Users frequently change the task, format, or tone mid-conversation. Define clear rules:

        
        
        
    
default_follow_through_policy
- If the user's intent is clear and the next step is reversible and low-risk, proceed without asking.
- Ask permission only if the next step is:
  (a) irreversible,
  (b) has external side effects (sending, purchasing, deleting, writing to production), or
  (c) requires missing sensitive information or a choice that would materially change the outcome.
- If proceeding, briefly state what you did and what remains optional.

        
        
        
    
instruction_priority
- User instructions override default style, tone, formatting, and initiative preferences.
- Safety, honesty, privacy, and permission constraints do not yield.
- If a newer user instruction conflicts with an earlier one, follow the newer instruction.
- Preserve earlier instructions that do not conflict.
- Higher-priority developer or system instructions remain binding.

Mid-Conversation Instruction Updates

When instructions change, make updates explicit, limited, and localized:

For the next response only:

        
        
        
    
<task_update>
For the next response only:
- Do not complete the task.
- Only produce a plan.
- Keep it to 5 bullets.
All earlier instructions still apply unless they conflict with this update.
</task_update>

When the task itself changes:

        
        
        
    
<task_update>
The task has changed.
Previous task: complete the workflow.
Current task: review the workflow and identify risks only.
Rules for this turn:
- Do not execute actions.
- Do not call destructive tools.
- Return exactly:
  1. Main risks
  2. Missing information
  3. Recommended next step
</task_update>

Phase Parameter

Starting with GPT-5.4, long or tool-intensive Responses workflows use phase values to distinguish intermediate updates from the final answer (see the prompt-guidance guide for the full reference):

        
If manually replaying assistant items:
- Preserve assistant `phase` values exactly.
- Use `phase: "commentary"` for intermediate user-visible updates.
- Use `phase: "final_answer"` for the completed answer.
- Do not add `phase` to user messages.

If using previous_response_id, the API automatically preserves prior assistant state.

Prompt Structure Template

        
Role: [1-2 sentences defining the model's function, context, and work]

# Personality
[Tone, manner, collaboration style]

# Goal
[User-visible result]

# Success criteria
[Conditions that must be met before the final answer]

# Constraints
[Policy, safety, business, evidence, side-effect limits]

# Output
[Sections, length, tone]

# Stop rules
[When to retry, degrade, abandon, ask, or stop]

Keep each block brief and only add detail where it would actually change behavior.

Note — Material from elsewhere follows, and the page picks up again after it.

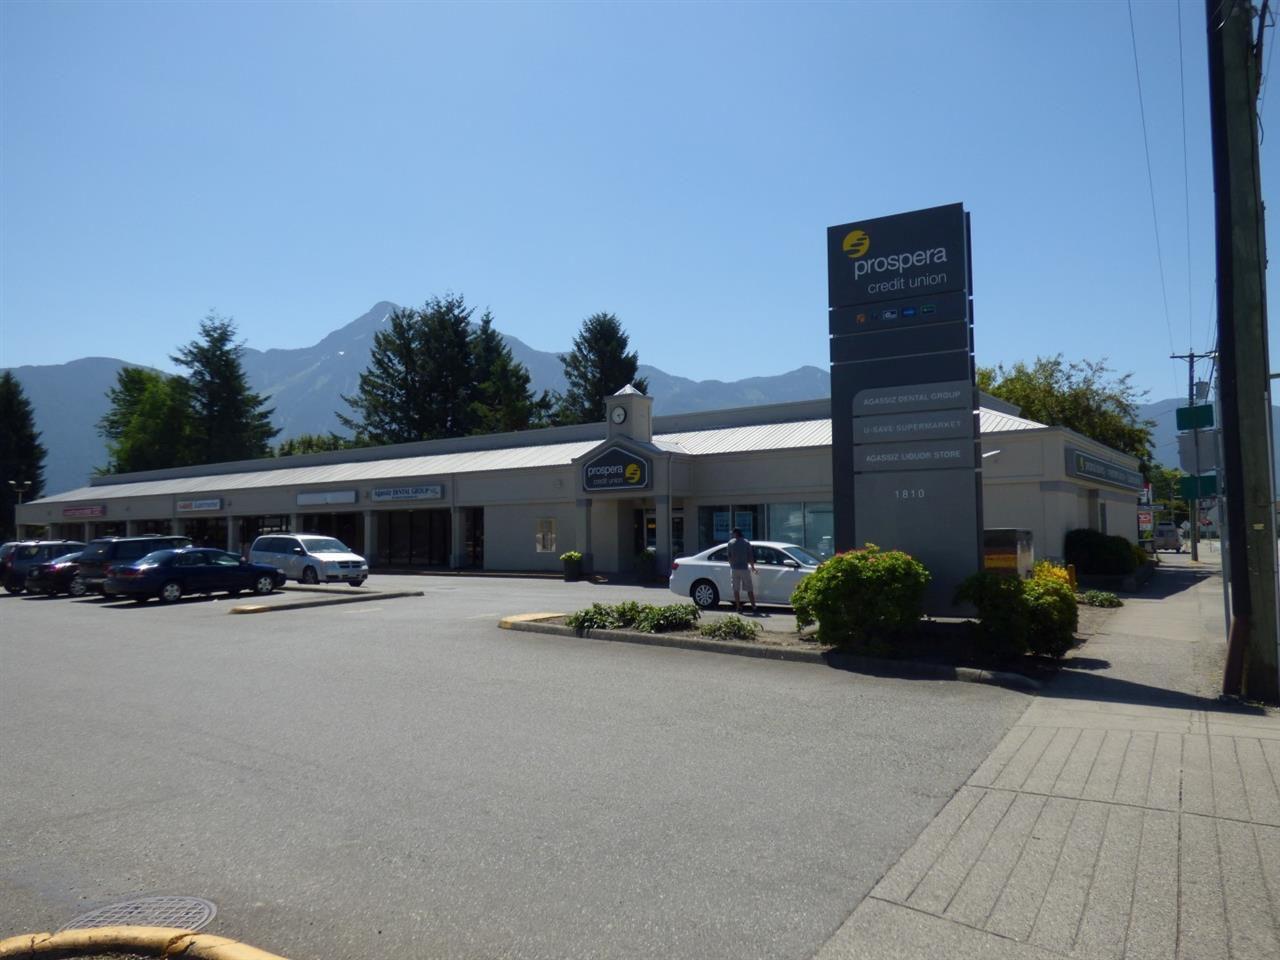 Main Photo: 1810 AGASSIZ-ROSEDALE Highway: Agassiz Retail for lease : MLS®# C8010629

Verbosity and Format Output

Control output length via text.verbosity — medium is the API default, low for more concise responses (see the prompt-guidance guide for the full verbosity parameter reference).

Format principles:

Plain paragraphs for normal conversation, explanations, reports, and technical writing — the default format
Titles, bold, and lists only when comparisons, rankings, or scanning are needed
Follow explicit user preferences for conciseness or specific formats

When editing or rewriting, tell the model what to preserve while improving:

        
Preserve the requested artifact, length, structure, and genre first. Quietly improve clarity, flow, and correctness. Do not add new claims, extra sections, or a more promotional tone unless explicitly requested.

Specify audience and length explicitly:

        
Write for a senior business audience. Keep the answer under 400 words. Use short paragraphs and only include bullets when they improve scannability. Prioritize the conclusion first, then the reasoning, then caveats.